Ideas, strategies and projects that give rise to pilot projects. They tackle the challenges raised by the stakeholders involved and which are found in particular places in Barcelona or Medellín.

Quaderns - house and contradiction

I

Though comprehensible, Venturi’s criticism of some of the clichés of modern architecture in Complexity and Contradiction are in fact simply a paradigm shift, though restricted to the autonomous world of formal relations. Of the book’s more than 130 mentions of the words contradiction or contradictory, not once is the focus explicitly political, social or economic. Any reference to contradiction is somehow diverted to the field of form: of scale, of relations between interior and exterior, between parts and whole, etc. Any possibility of questioning or political interpretation is thereby condemned or reduced to an exegesis of what remains, quietly implied, beneath the surface of this text.

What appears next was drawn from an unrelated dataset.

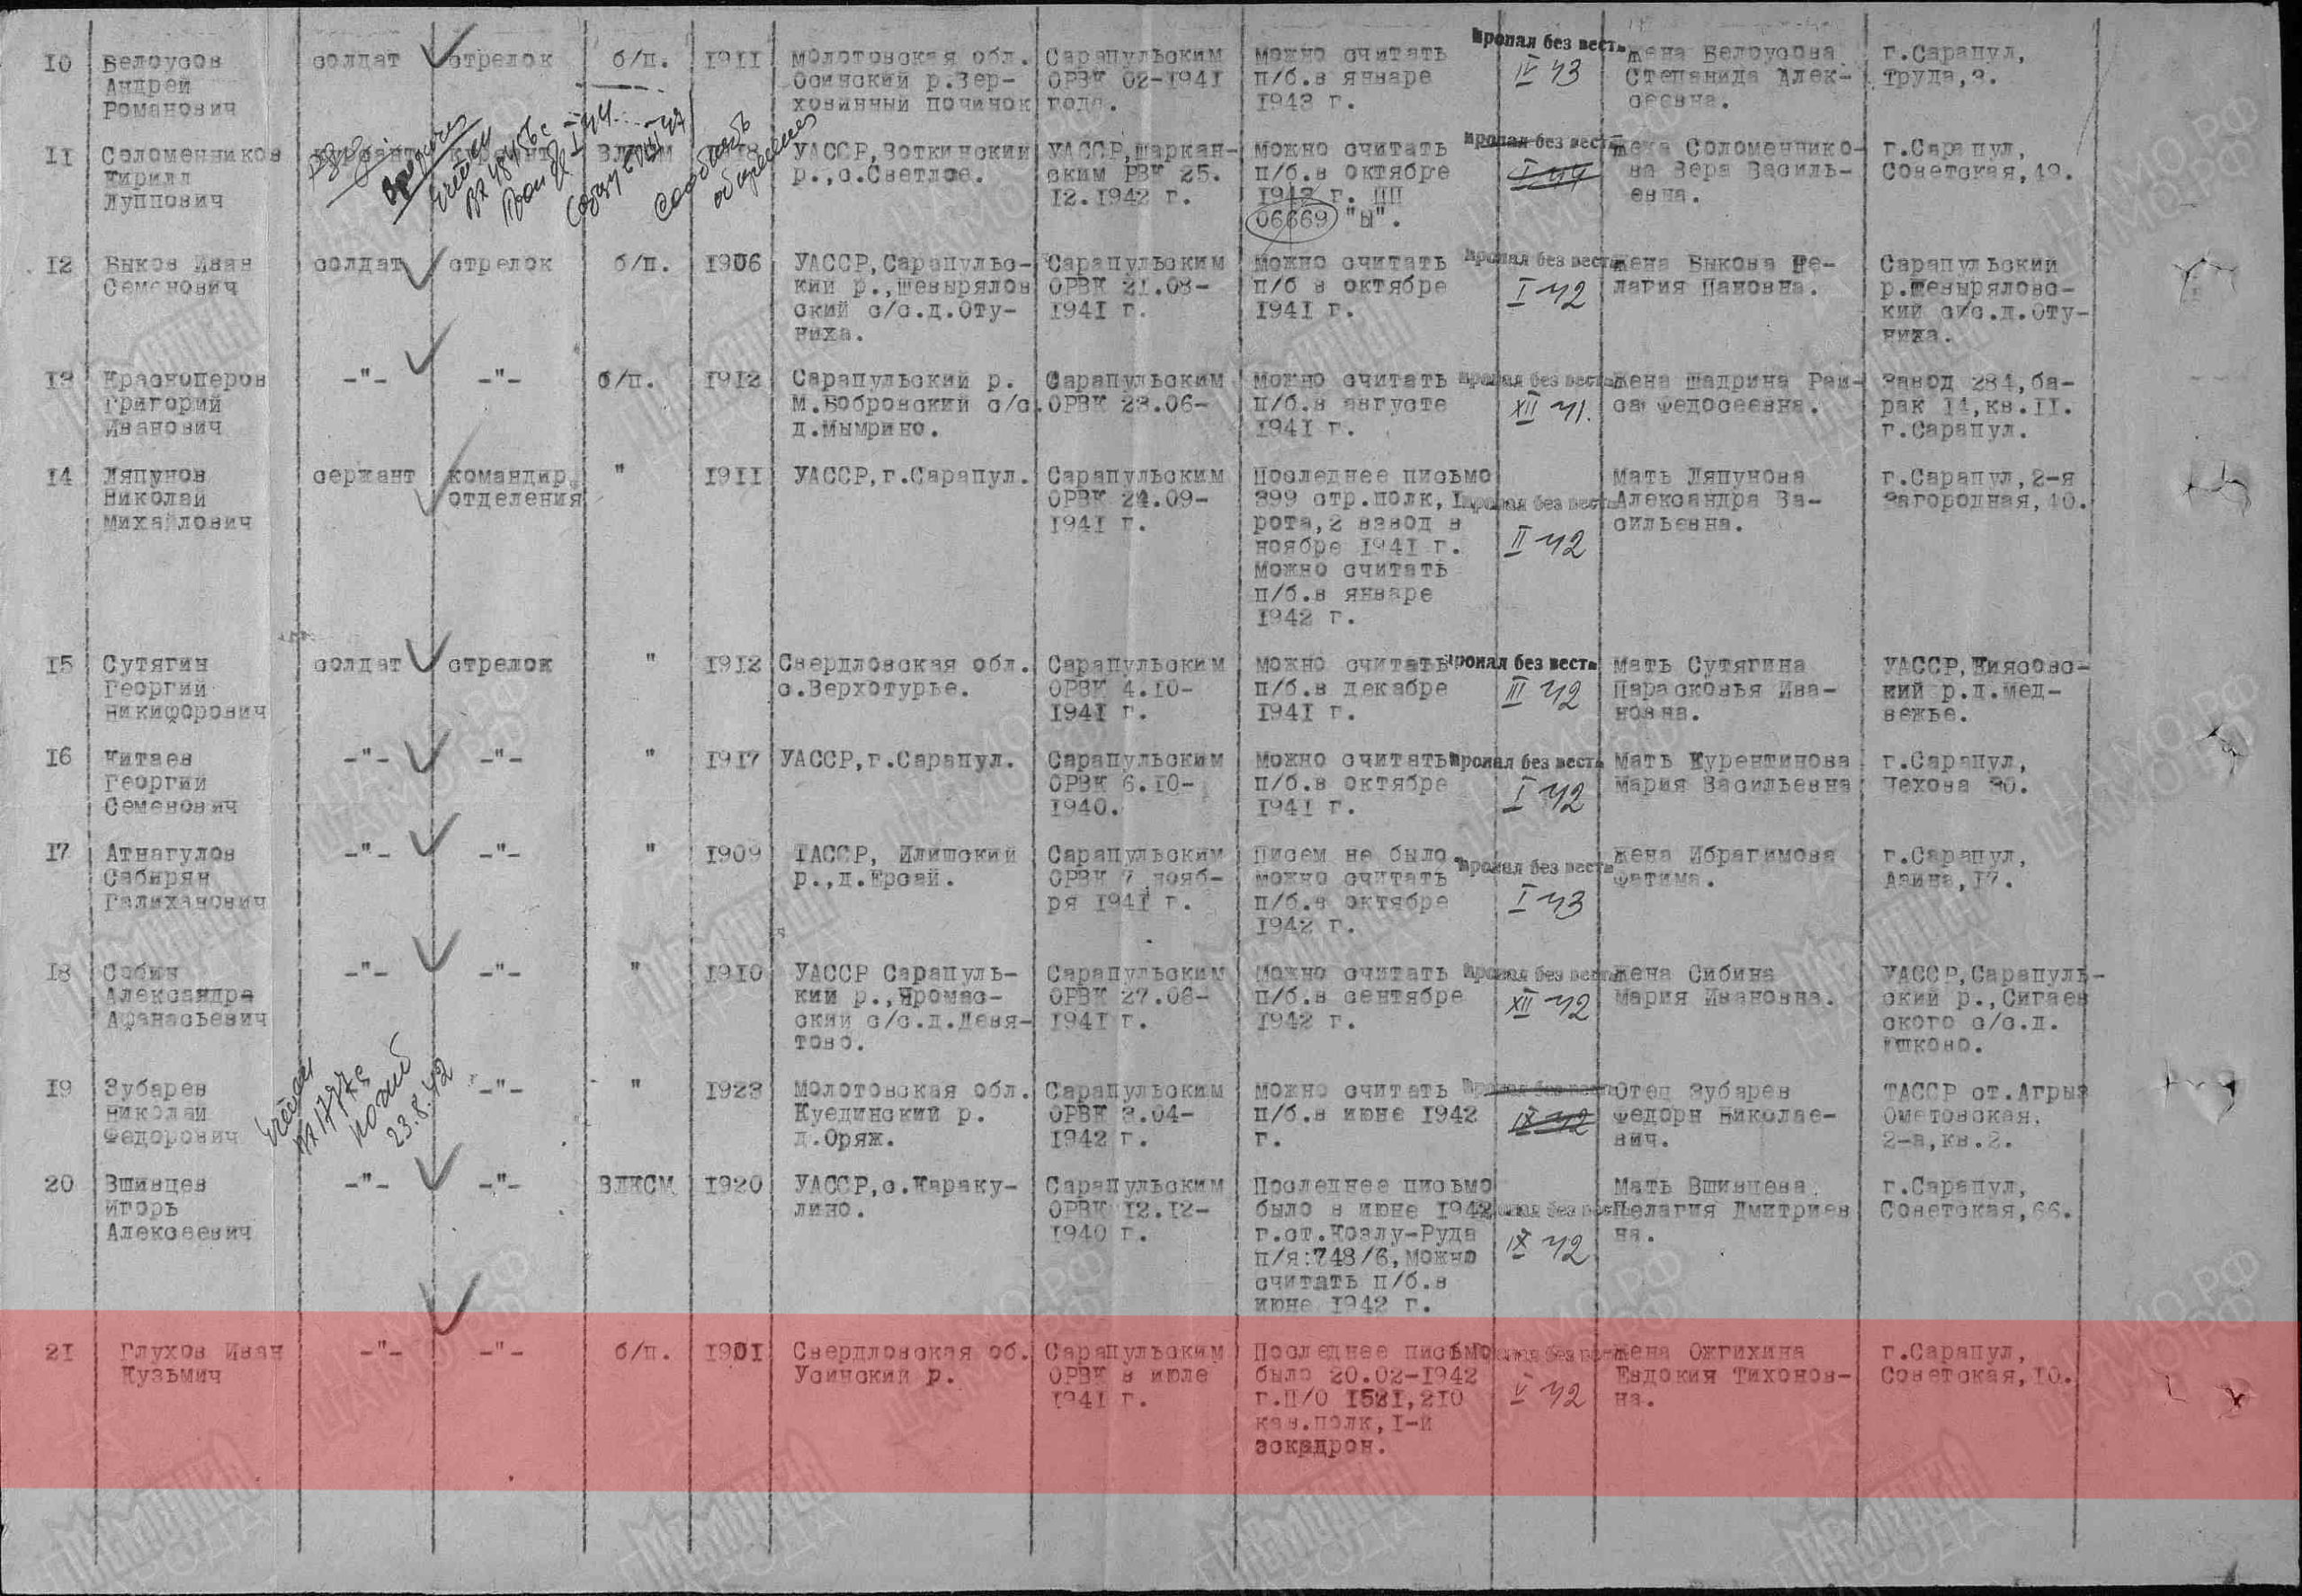 Лист донесения послевоенного периода, уточняющего потери, 17.10.1947

However, without wishing to overlook the potential of form, there are essential issues that lie beyond its control. Contradictions, whether political, social or economic, should act as triggers that activate architecture, however alien or comfortable it may seem, developing in an autonomous world, far from political decision-making, where tensions and dissent are often reduced to the strictly rhetorical, to exercises of style in which the economy is merely the foundation of pre-established, abstract and hygienic margins of action within which to operate.

 

II

Originally economy was the term used to denote the administration of household resources, the management of the house. The economy belonged, then—though not exclusively—to the manageable scale of the household, to the limits of the known. However, domesticity, as we have recently seen, also has an immediate and fragile relation with the large scale of the macro economy, around which politics and power exercise their liberal safeguard. Evictions, the abandonment of housing blocks and entire neighbourhoods standing empty with their thousands of interiors awaiting a use connect small worlds with the global machinery over which citizens are now demanding control, a reformulation of the public sphere and, with it, of the boundary between individual and collective.

 

III

We devote this issue of Quaderns to domesticity. But we would be deceiving ourselves if by domestic we merely understood notions such as house, home, shelter or intimacy. The domestic combines politics with form and connects different scales, extending its domain from the macro economy to the most basic form of architecture in terms of use: the room, to which part of this issue is devoted. The house, seen as a collection of rooms, predetermines, according to the way they are related or their different sizes, how it will be occupied and what type of relations will be established in it over time. It is in this sense that the conception of domestic form is comparable to politics: to the extent that it can perpetuate clichés and, over time, condition the transformation of the domestic realm.

 

It is in this ambivalence of scales that we see how the definition of domesticity draws the boundary that exists between individual and public, between urban world and the house, concepts defined by blurred lines that are constantly moving.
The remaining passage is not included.